Reality check: FWIW, CFL's are not a good transition technology. I have been trying to use them in my house for some years now, including comparing them carefully to incandescents (yes, I am a geek engineer!) to see what success I was having with them.

So far, the outcome has been:

1. They last much less than good quality incandescents. Even in little used areas. In my son's bathroom for example, the CFL's longevity is less than half the incandescents for example - about 1 year on average compared to over 3 years (side by side in the same light fixture!) that I have been measuring. In our bathroom, some of the incandescents are still working fine since we bought our house ... more than 11 years ago!

2. None of the CFL's I have ever bought - even expensive ones - have lived up to the 7 or more(!) years promised on the boxes. Nothing has lasted more than 2 years without failing or requiring replacement due to light output dropping too far.

3. CFL's start gradually losing their light capacity as soon as you start using them - the light output is down about a third to a half within 6 months or so. I sometimes end up replacing a CFL before it actually burns out totally because the light output has degraded to the point of uselessness.
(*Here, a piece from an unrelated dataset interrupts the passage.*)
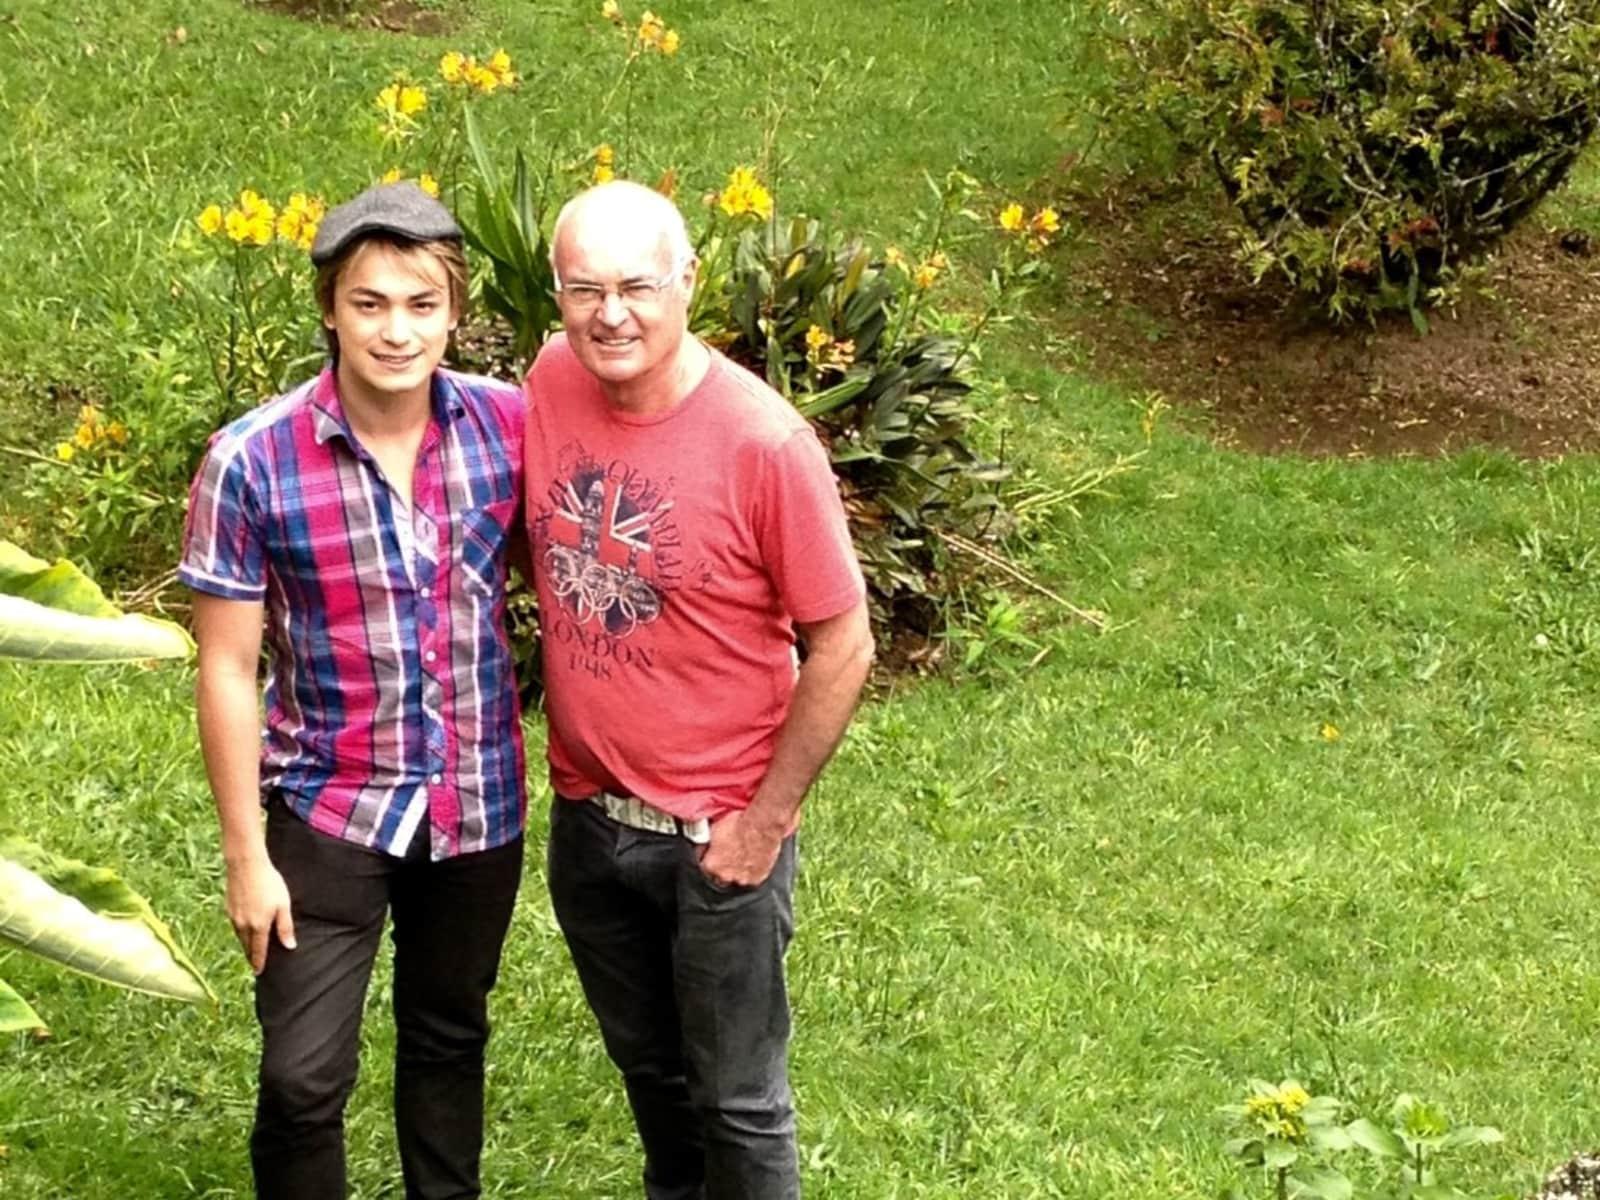 Patrick & Andres from Mexico City, Mexico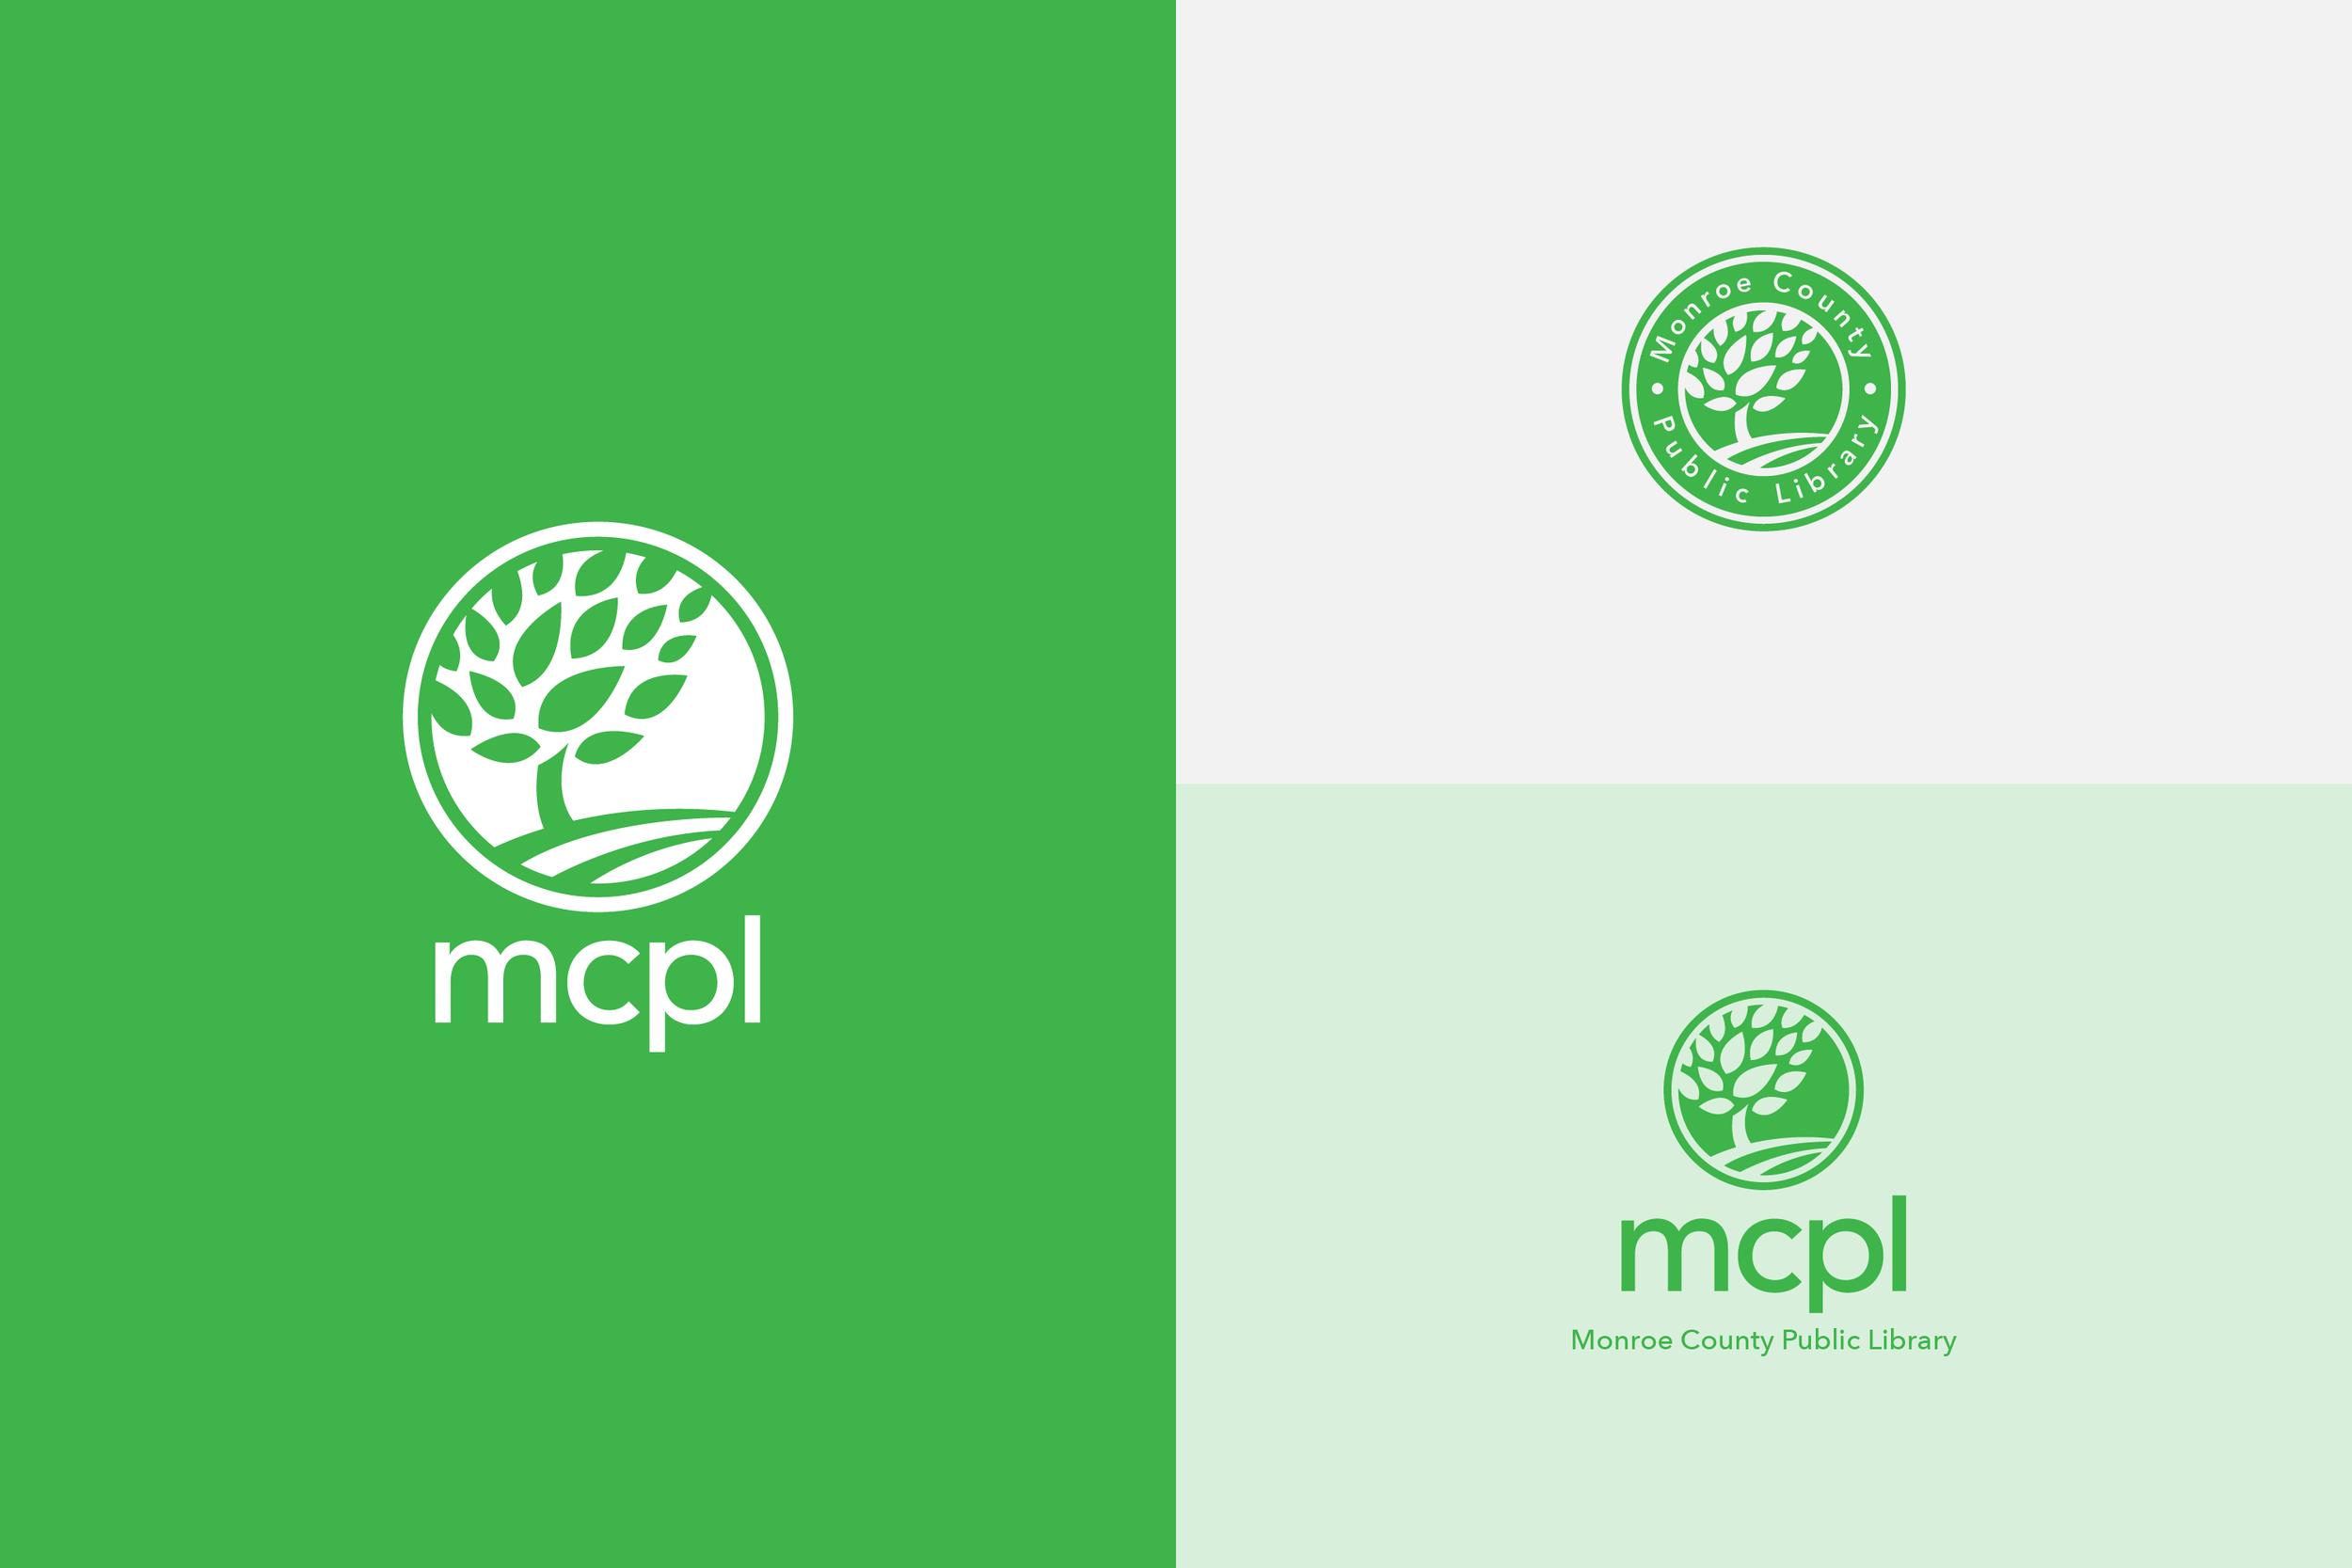 mcpl-composite-1.png

4. They cannot be disposed of easily. I have tried to find local areas that will take them and end up driving some miles to do so! Pain in the butt.

5. Drop one and you will have to quickly open windows and leave the house for 30 minutes (or much more to be safe - I have a young son that I would like not to be exposed so much) to allow the Mercury vapors to escape. I wonder how many people know about this?

6. The cost is still too high. In general, based on electricity rates around here, given the higher price and the faster failure rate, my actual calculated experience has been that I am spending about three times as much for using CFL's as incandescents - even when taking electricity into account.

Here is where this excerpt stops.